EXERCISE
What you return must match the listing exactly, with every image removed.

DATA EXCERPT
════════

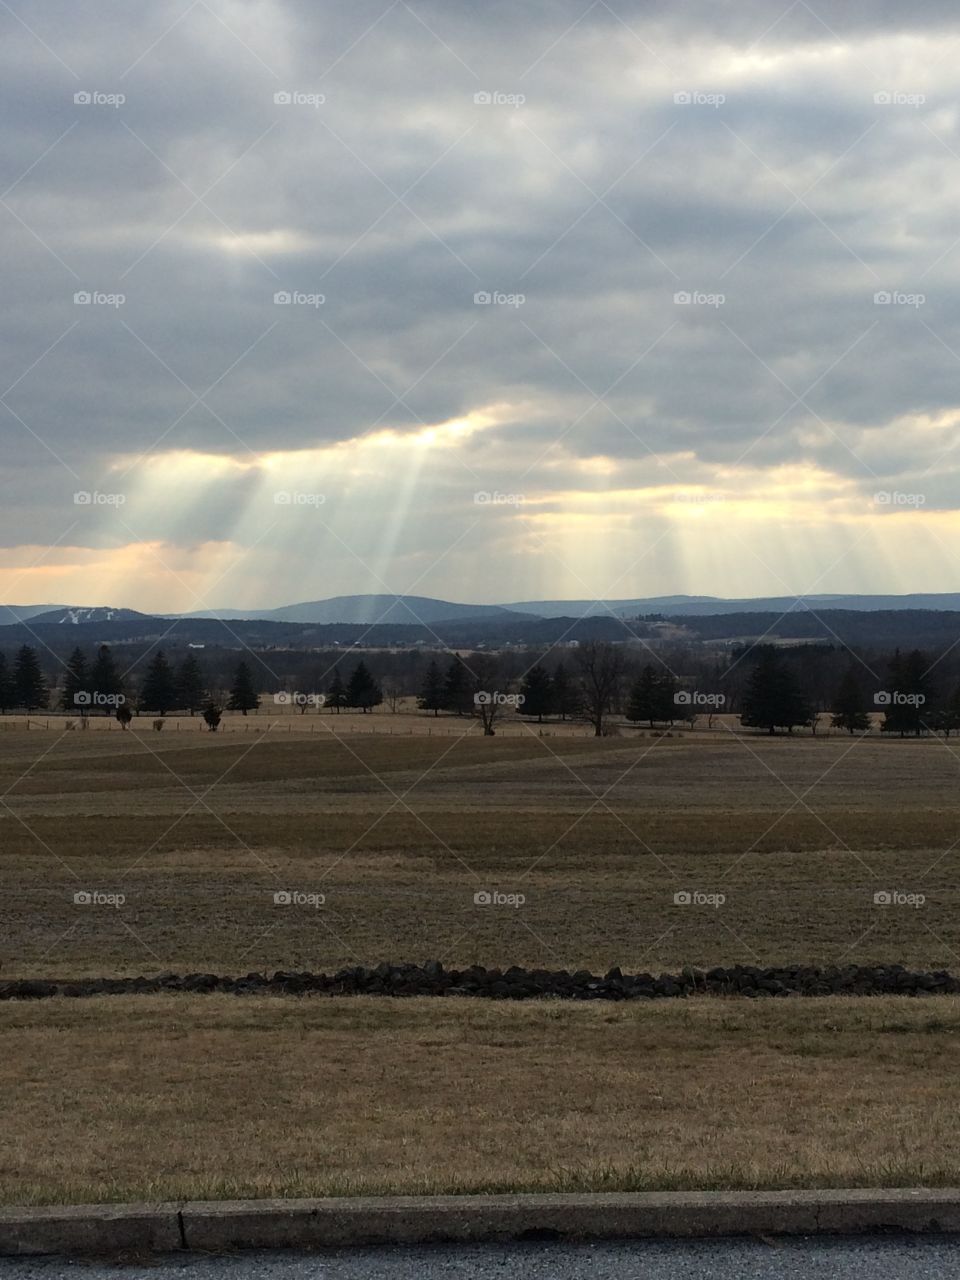 Gorgeous view in Gettysburg, Pennsylvania
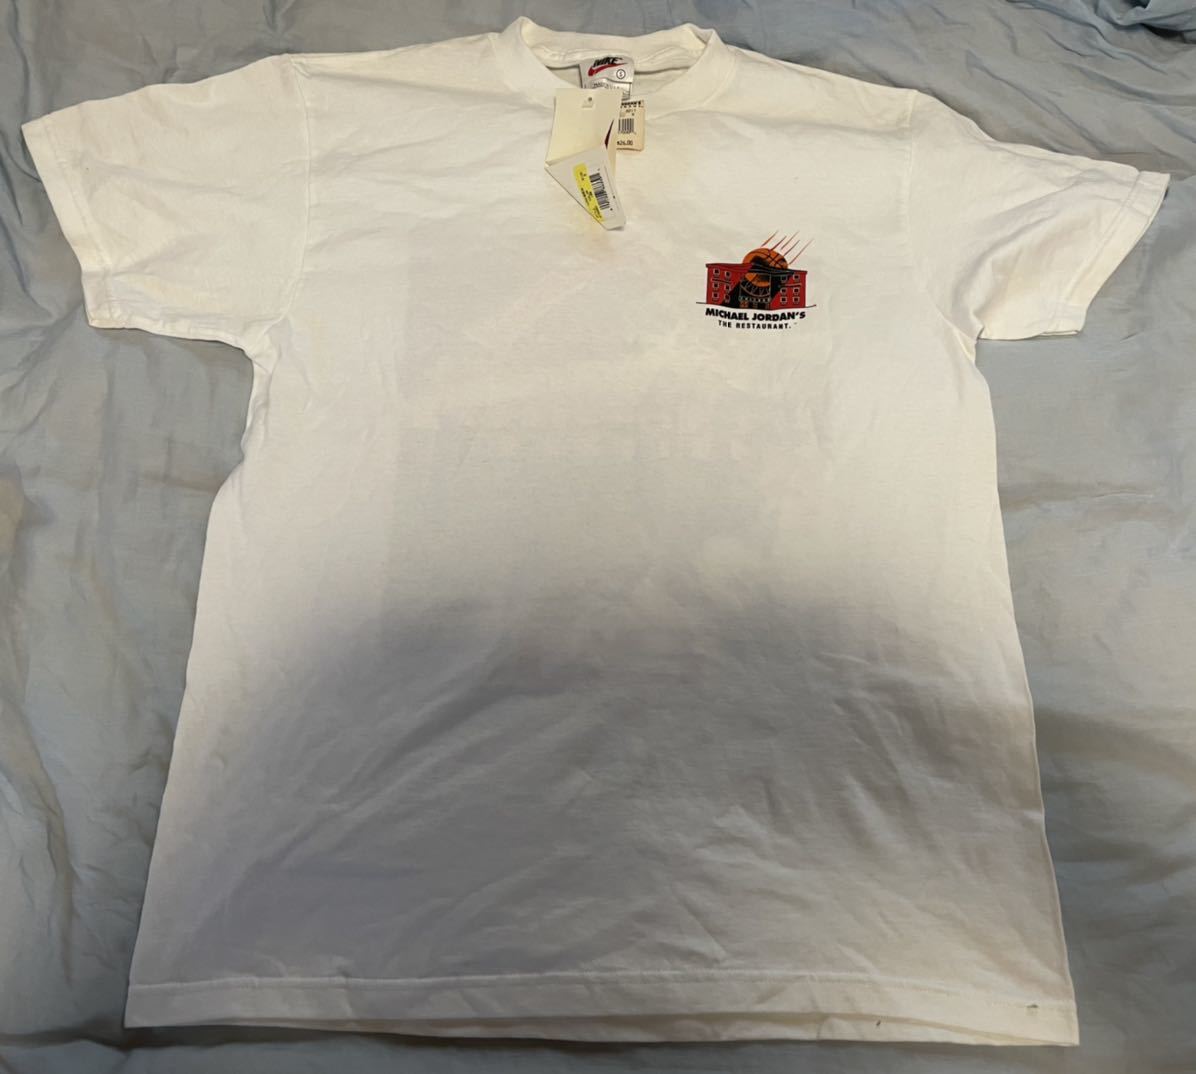 Michael Jordan's The Restaurant T-shirt マイケルジョーダンレストラン Tシャツ Sサイズ アメリカ製ナイキ  タグ付き 未使用品 当時物
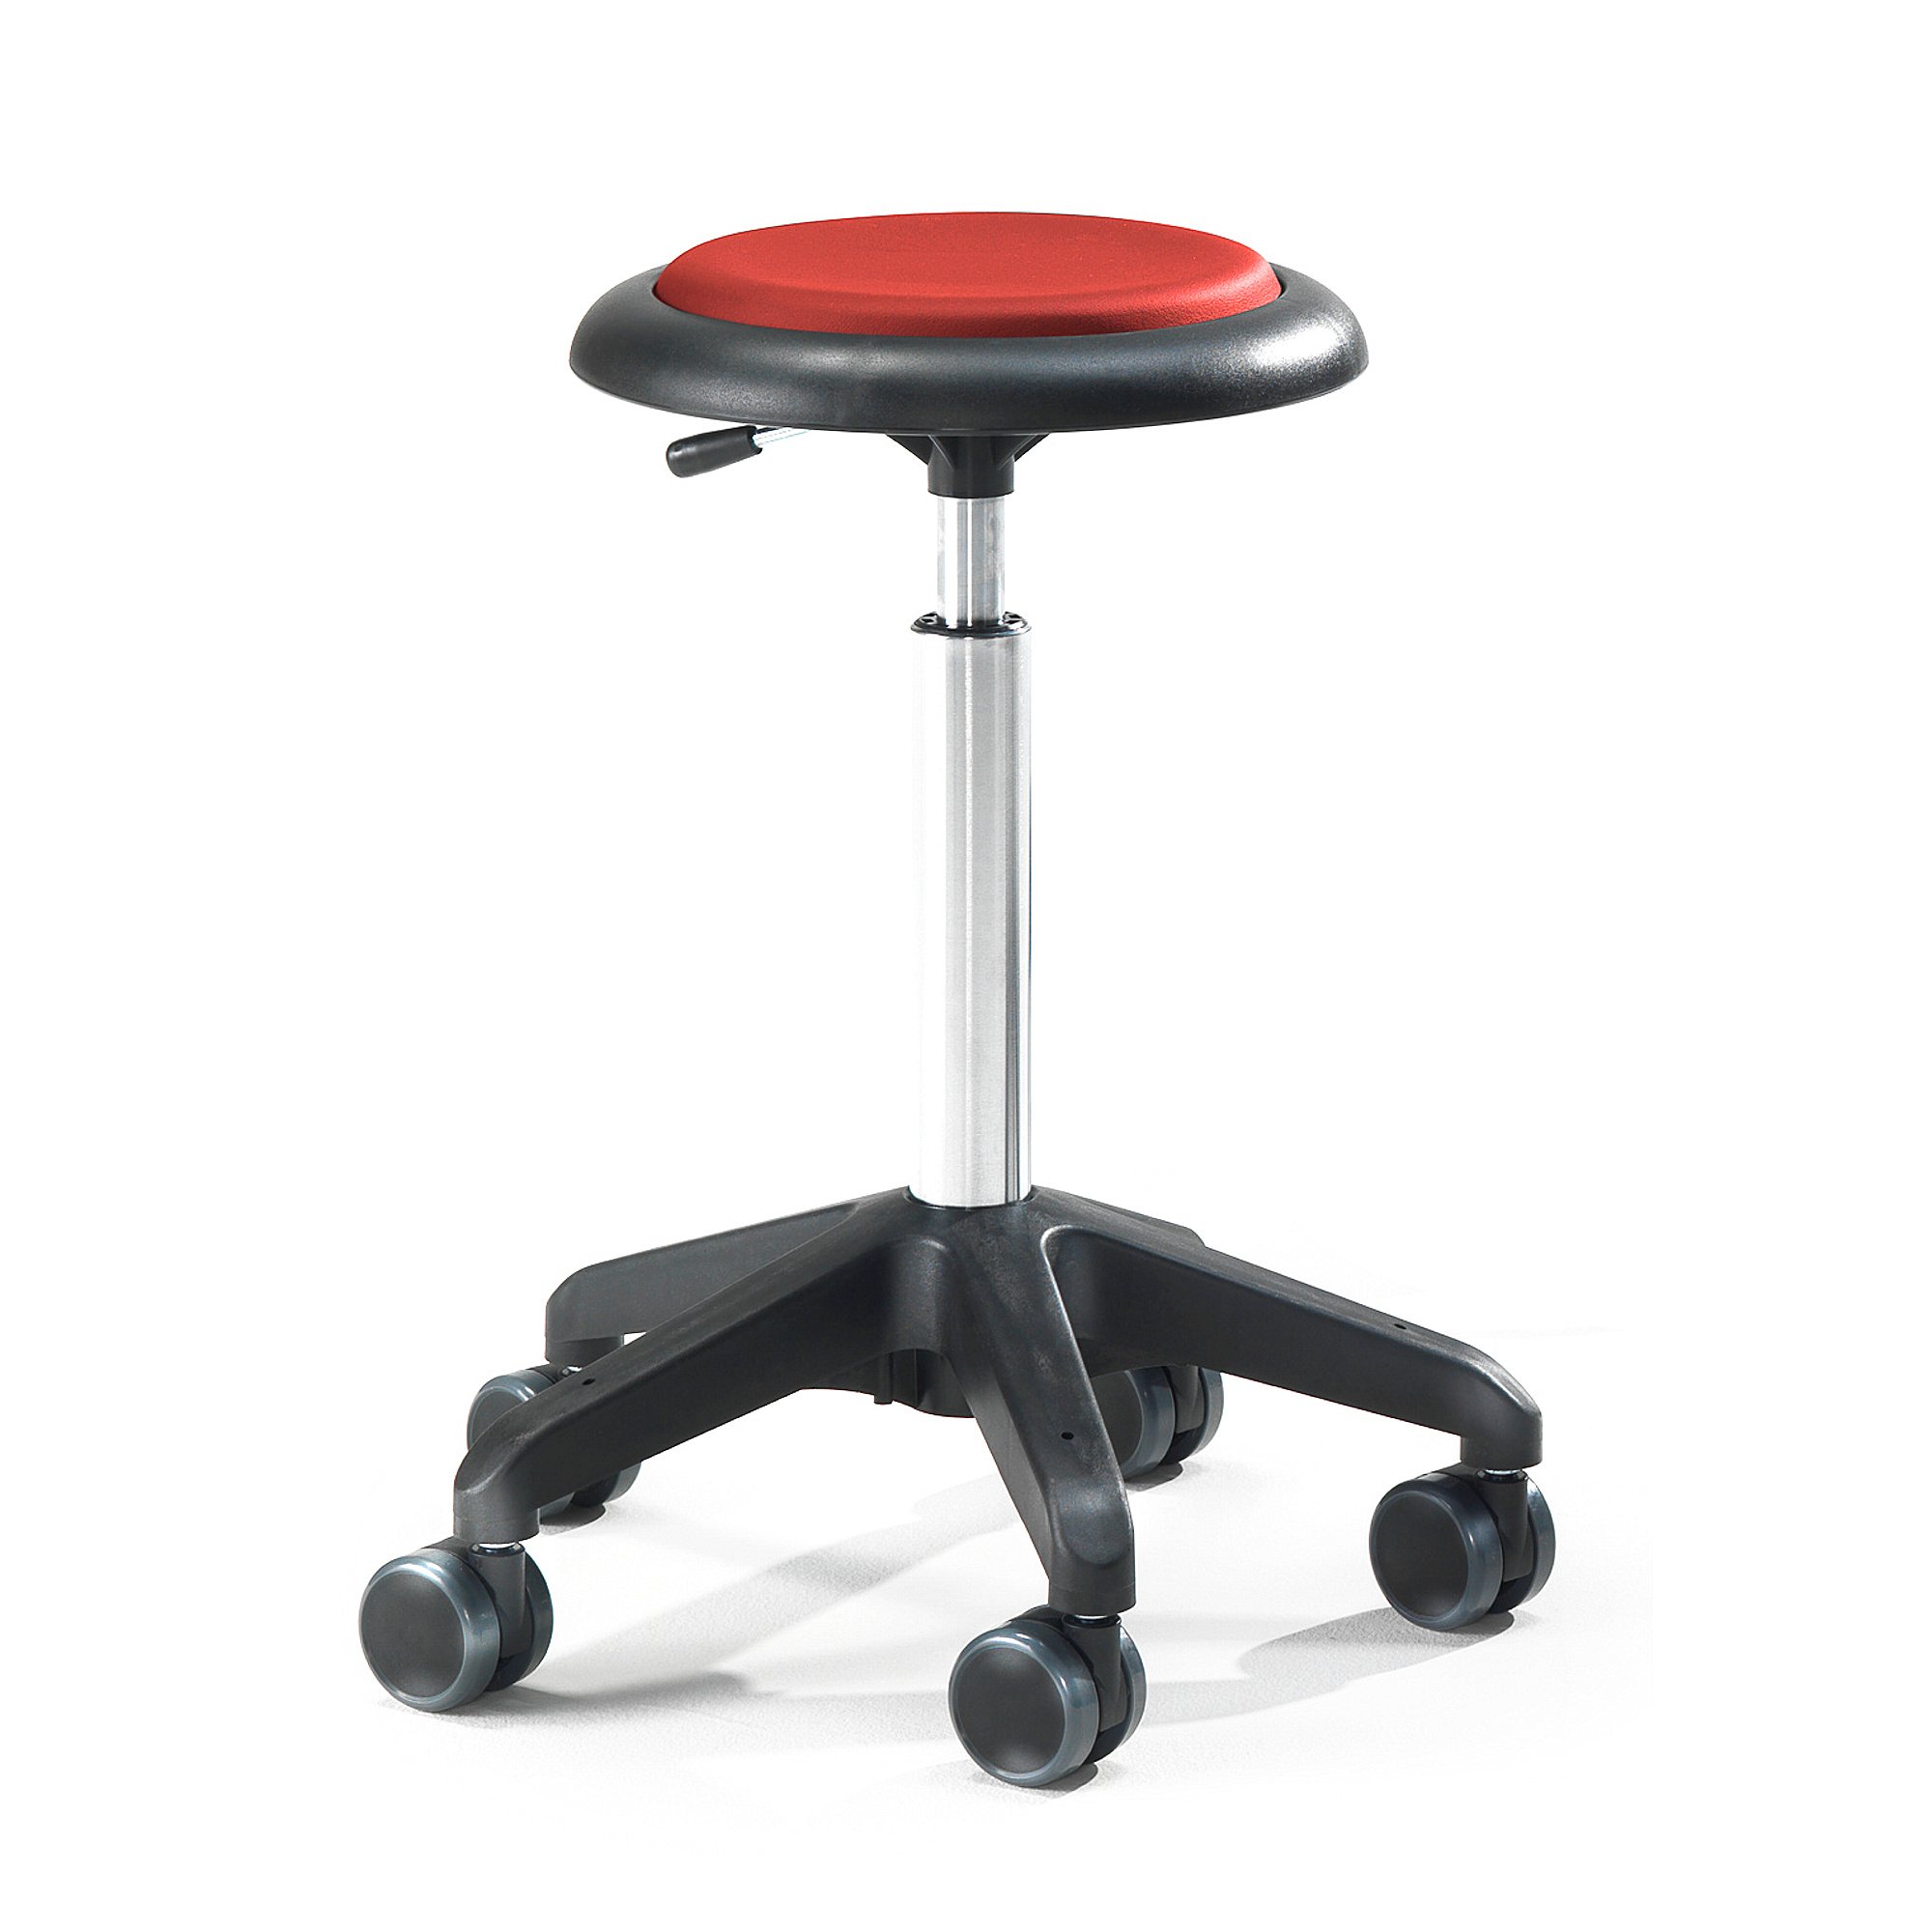 Pracovní stolička DIEGO, výška 540-730 mm, umělá kůže, červená

════════

SOLVED PROBLEM
 Gorgeous view in Gettysburg, Pennsylvania
 Michael Jordan's The Restaurant T-shirt マイケルジョーダンレストラン Tシャツ Sサイズ アメリカ製ナイキ  タグ付き 未使用品 当時物
 Pracovní stolička DIEGO, výška 540-730 mm, umělá kůže, červená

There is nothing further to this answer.